The city of Hannibal is beginning the long process of planning a 2019 bicentennial celebration for the city. Click here for the story.
The long list of ideas Third Ward Councilman Lou Barta proposed for the bicentennial — which the City Council sanctioned this week by passing a resolution to form the Bicentennial Commission — evoked, in my mind, everything I’ve read about Hannibal’s Mark Twain sesquicentennial. (Yes, I was alive then. No, I was not old enough to read.) Or, rather, what it was supposed to be.

A belt buckle sold at the Mark Twain Boyhood Home and Museum in 1985, commemorating Twain's 150th birthday.
For some historical perspective, I suggest reading Ron Powers’ “White Town Drowsing.” Powers, a Hannibal native and Pulitzer Prize winner, has his fans and his detractors in Hannibal, and having read “White Town Drowsing” last year, I admit it can be pretty self-aggrandizing. But it’s also quite the account of the controversial planning process that led up to the 1985 celebration of Mark Twain’s 150th birthday.

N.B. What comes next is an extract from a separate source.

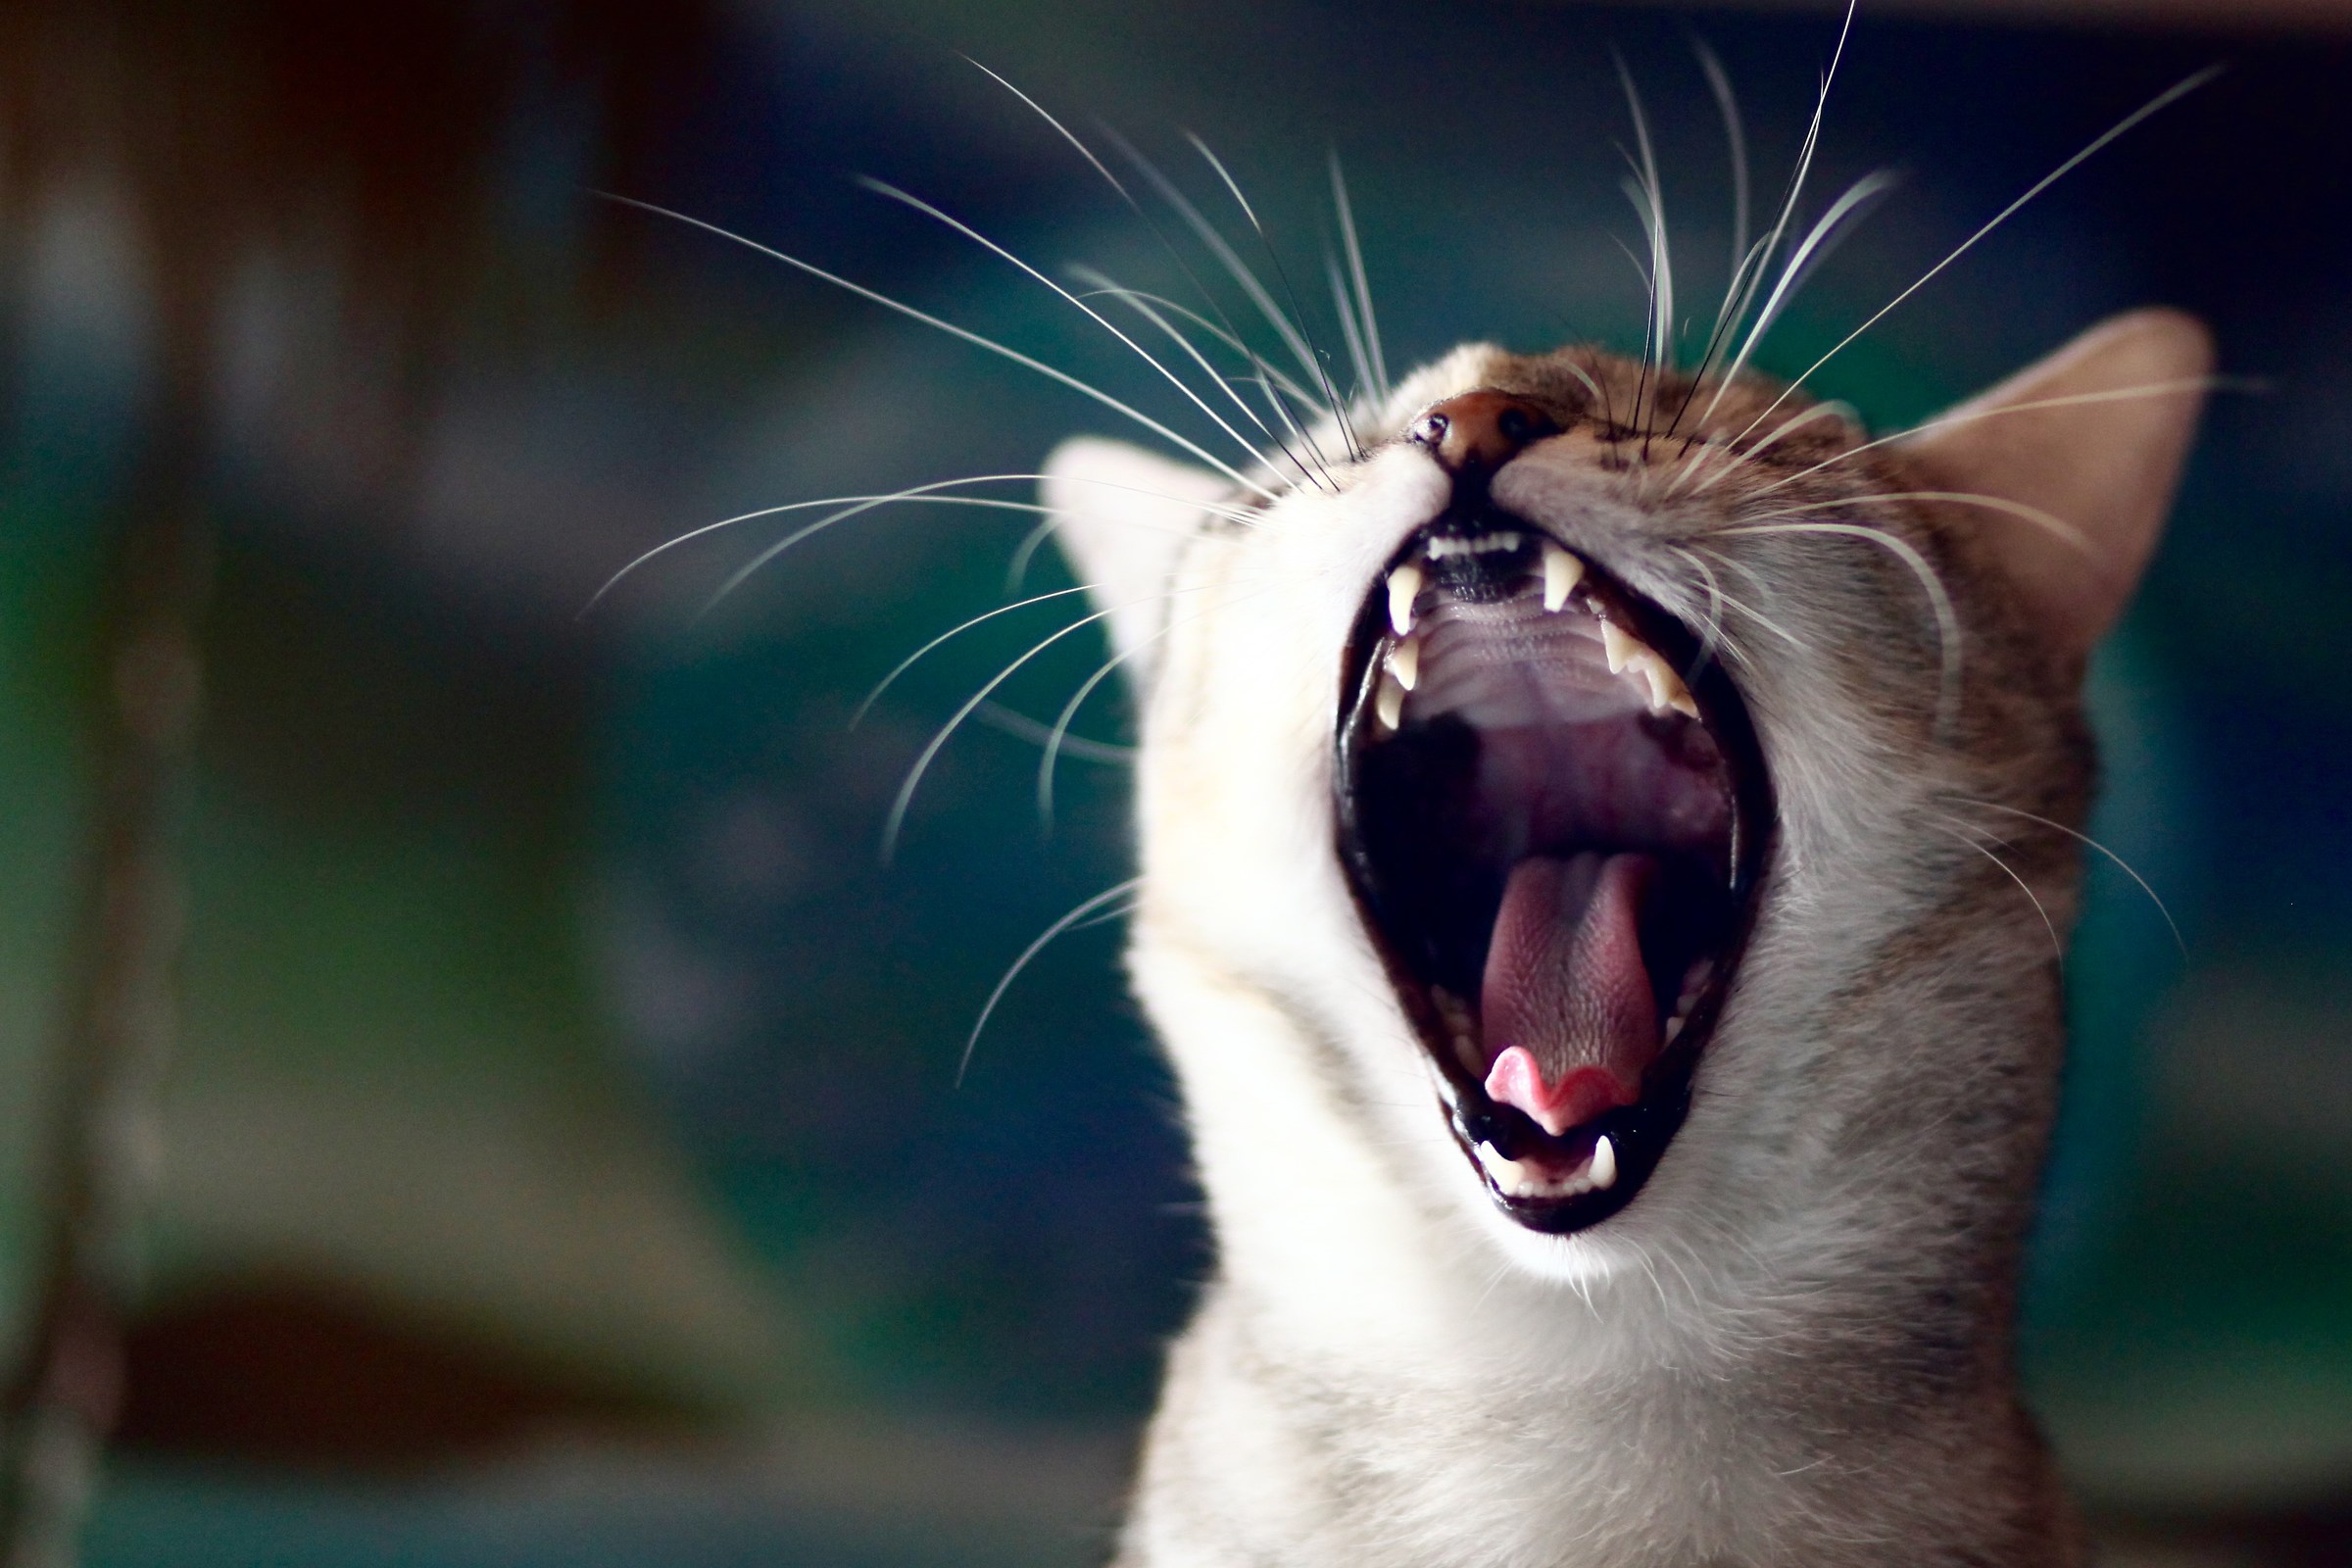 The feline roar!...

The sesquicentennial was supposed to be, in outside promoters’ minds, a seven-month extravaganza drawing untold thousands of visitors from around the world. A steamboat regatta and chart-topping concerts were among the ideas they promoted and sold to local residents. As Powers tells it, it was controversial because, among other reasons, the local residents who were to benefit from the festival didn’t have much skin in the planning. However, when many of the elaborate plans fell through, locals stepped in and planned a more modest celebration.
The city’s bicentennial won’t look much like the proposed Mark Twain sesquicentennial. Steamboat regatta? Try a visit from one or two steamboats. But the concept of the event itself may bring back some memories in Hannibal, I said to Barta as I chatted with him about his plans.
Barta knows memories of the Mark Twain sesquicentennial run deep, not all of them pleasant. For one thing, as recently as last year, the City Council had a member, Jeff Lyng, whose father, former Mayor John Lyng, was the local face of the sesquicentennial process. (Several senior Herald-Whig staff members, too, were around Hannibal in those days as members of the media.)
“I do know there are a lot of people who remember those things and are are still working with us and with the city,” Barta said.
But he believes Hannibal has learned from its mistakes. He’s hoping for many chances to solicit public input, which he says will be a hallmark of this process, if he has his druthers.
Still, on the face of it, the idea of a bicentennial celebration made me wonder if Hannibal is in for some deja vu. Depending on how you look at it — and how things take shape over the next seven years — that could be a good thing or a bad thing.